Thank you. Our first question is from Matthew Lee from Canaccord. Please go ahead.
Good morning, guys, and thanks for taking my question. I wanted to hone in on the Canadian PBB segment, which saw sequential improvement in impaired PCL. I thought it was against the industry-wide trend in this space. Could you maybe talk about the puts and takes in that business and maybe how we should expect that trend in the back half of the year just given an increasingly strained Canadian consumer?
Thanks, Matthew. Thanks for the question. I think as we guided in my prepared remarks, we continue to expect NCLs trending up a little bit more in the second half of the year. And that should be expected against the macroeconomic environment. But we do remain overall very comfortable with our performance and credit quality in the Canadian consumer book. We're very intentionally focused on growing relationships with clients with strong credit quality. We have invested heavily in retail strategies focused on the Mass Affluent segment, even investing in our co-brand credit card has improved overall credit quality for the portfolio. We're also investing heavily in risk strategies and Victor touched upon some of those using AI in bringing in more data to just be very conscious about risky decisions that we are making in the portfolio as an origination during the lifecycle of the loan and even when it comes to collection efforts and pre-delinquency strategies. So I would say a very intentional strategy, good investments that we're making both on the business and the risk side. And that's what you're seeing reflected there in the results notwithstanding we're still guiding to net credit losses to continue to trend up moderately in the second half of the quarter.
Okay. That's helpful. And then …
Sorry, Matthew. Do you have another question?

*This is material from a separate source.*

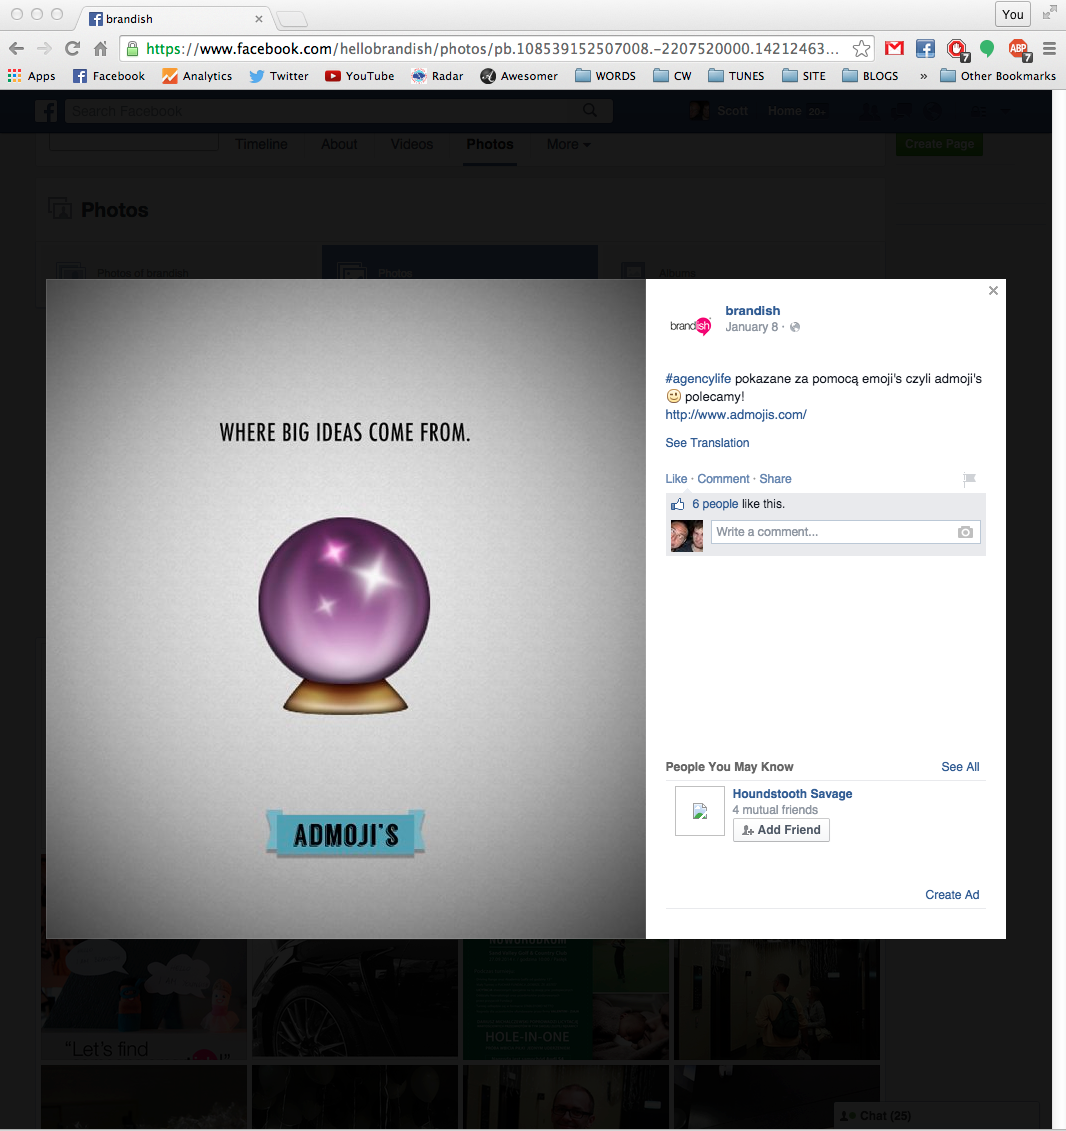 Brandish Facebook.png

Go ahead.
Oh, no, no, no, go ahead.
No, I want to hear from you, Matthew.
Oh, sure. I just want to ask about the Costco portfolio. It feels like when I go to Costco, get my groceries, enjoy my $1.50 hotdog, I can see how it's really easy to end up with a Costco, CIBC, MasterCard, and perhaps even open a bank account, but just can you elaborate on how you have been able to take that initial interaction with the consumer and turn it into a kind of a longer term multi-product relationship?

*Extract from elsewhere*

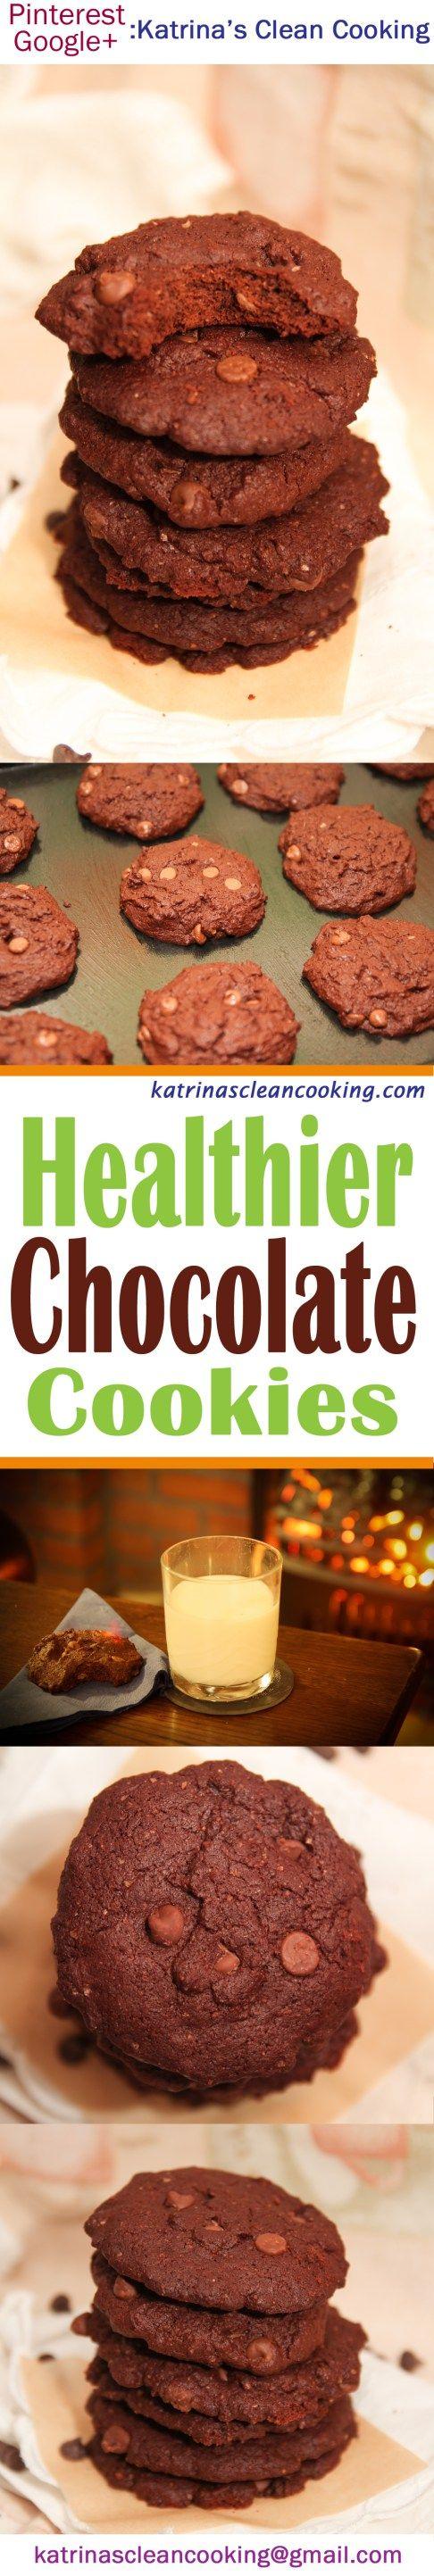 Healthier Dark Chocolate Cookies #healthy #chocolate #glutenfree #cookies #remembrance

Yes. So I'm going to hand it off to Hratch in a moment, that whole Costco strategy is very much tied to our overall client strategy to build a product suite that is market-leading. In that instance, we have a market-leading travel and non-travel credit card portfolio that's been performing very well and to make sure that our clients, including you, Matthew, have an opportunity to do more banking business with us. Franchising the client and making progress on that front is something that we're seeing in a very encouraging way in our partnership with Costco, and quite frankly across our banking business. So Hratch, over to you.
Thanks, Victor, and good morning, Matthew. The Costco portfolio overall is trending very well for us. Let me go back for a second and remind you what we had said at the time of the acquisition. The card itself is interesting to us, the economics of the card for our business case were good. But the real value for us was building the relationship and franchising that client base, which is several million that we've acquired and hundreds of thousands that we are acquiring on an annual basis going forward as new cardholders. A large portion of that client base aligns with our strategy of our focus on Mass Affluent. So what we're seeing so far on the card itself, there are some puts and takes. The cost of funds is higher because of where the environment is, that hurts us. But if I look at some of the operational metrics, in terms of number of accounts, in terms of number of new accounts, in terms of balances, in terms of transaction volumes, in terms of how that spend is materializing, all of that is trending at or better than business case. Overall, the economics of the card are as good as we expected in the business case. When I look at the real value of franchising, though, we are ahead. We're ahead of our initial goals life to date. We're acquiring clients, we're engaging those clients. You asked, how are we doing that? A large portion, I would say the vast majority of the client base that's coming to us through this portfolio is digitally engaged. We can engage with those clients digitally after the fact to build the relationship. We've got the data on the clients and understand what other products and services could be beneficial. We have a very good relationship with our partner, and we think over time, there's more and more we can do with that partner, both with cardholders and with the overall base that they serve their member base, which is significantly larger than that.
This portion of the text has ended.